Before diving into the Kuya news, readers should note that Silver Crown is 100% exposed to Ag through royalties –> all Ag, all the time! It’s more leveraged to Ag than 98%+ of primary Ag producers who usually have one or more of Au, Pb, Zn, Mo, or Cu credits.
Kuya’s past-producing Bethania mine is ramping up to 350 tonnes/day, with a strong head grade of ~12 ounces Ag/t. Even at the highest quarterly (minimum) payment, 12,375 oz/month in years 3-10 — would be < 4% of Kuya’s total (Ag production) at Bethania.

Roughly speaking, assuming long-term silver at US$36/oz., the IRR of this LOI would be in the mid-20s percent. Under the terms of the LOI, Silver Crown will acquire a 4.5% royalty for US$3M in cash + US$2M in Silver Crown units issued at, or around, $6.50/unit.
Each unit consists of a common share and a half warrant. Each whole warrant is exercisable at $13.00/shr. for 3 years.
Starting as soon as the 4Q/25, Silver Crown would receive the cash equivalent of; 4,500 oz/qtr for the first year, 9,000/qtr in year #2, and 12,375/qtr for years 3-10. This proposed royalty is capped at 475,000 ounces, plus a subsequent 1.00%, uncapped royalty for life.
Not including the 1% tail of the royalty, total proceeds returned to Silver Crown over 10 years at an assumed US$36/oz Ag would be C$23.4M vs. upfront investment of ~C$7.5M (including an estimated C$500K cost of warrants to Kuya).
At an average of $40/oz Ag, total proceeds would be C$26M, at $50, the total would be $32.5M, and at $60 –> $39.1M.

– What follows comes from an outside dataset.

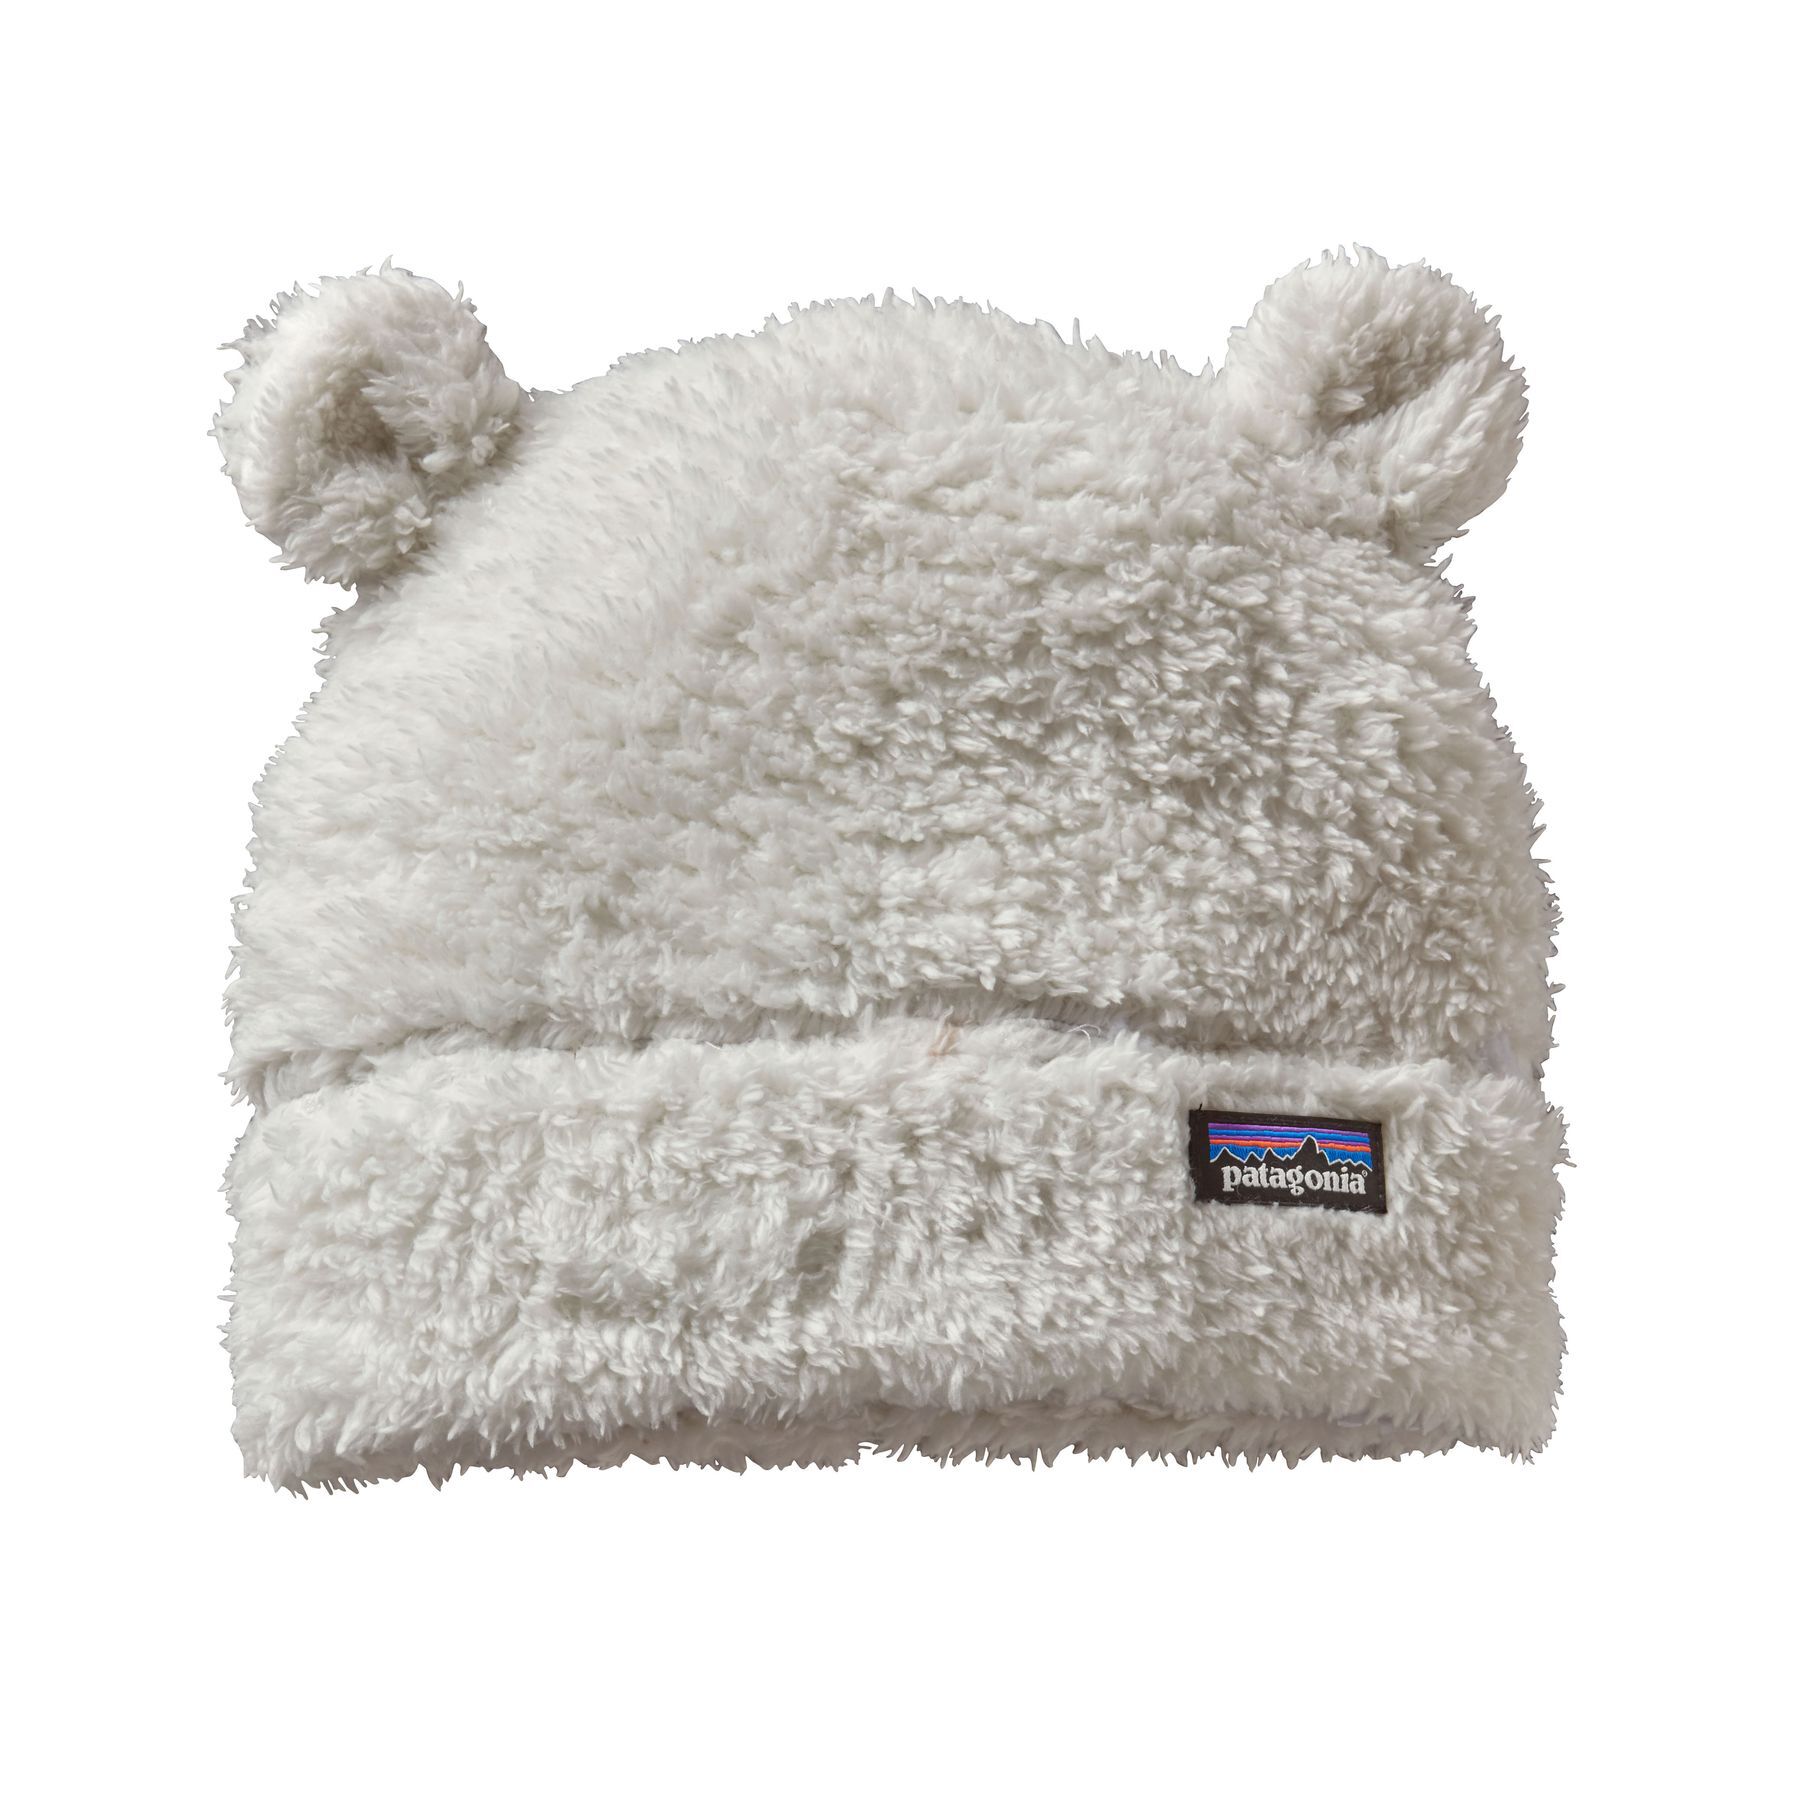 Patagonia - Baby Furry Friends Hat - Beanie - Baby

Peter Bures, Silver Crown’s Chairman & CEO, commented,
“We’re excited to initiate a partnership with Kuya Silver that can potentially translate to a materially impactful increase to SCRi’s silver revenue profile paving a way from 78,000 to over 128,000 annual silver ounces.”
Revenue from an annual run-rate 128,000 ounces by the end of 2027, at US$36/oz, would be C$6.3M, but that assumes no other deals are signed. At $40, it would be C$7.0M, and at $50, C$8.8M.
I’m not saying Ag will hit $50/oz this year or next — although plenty of pundits believe it will — but from 2027 on it certainly could be at or above $50. When thinking about juniors miners & royalty players it makes sense to take a longer-term view.
Examples of medium-term Silver forecasts (source: John Halloran)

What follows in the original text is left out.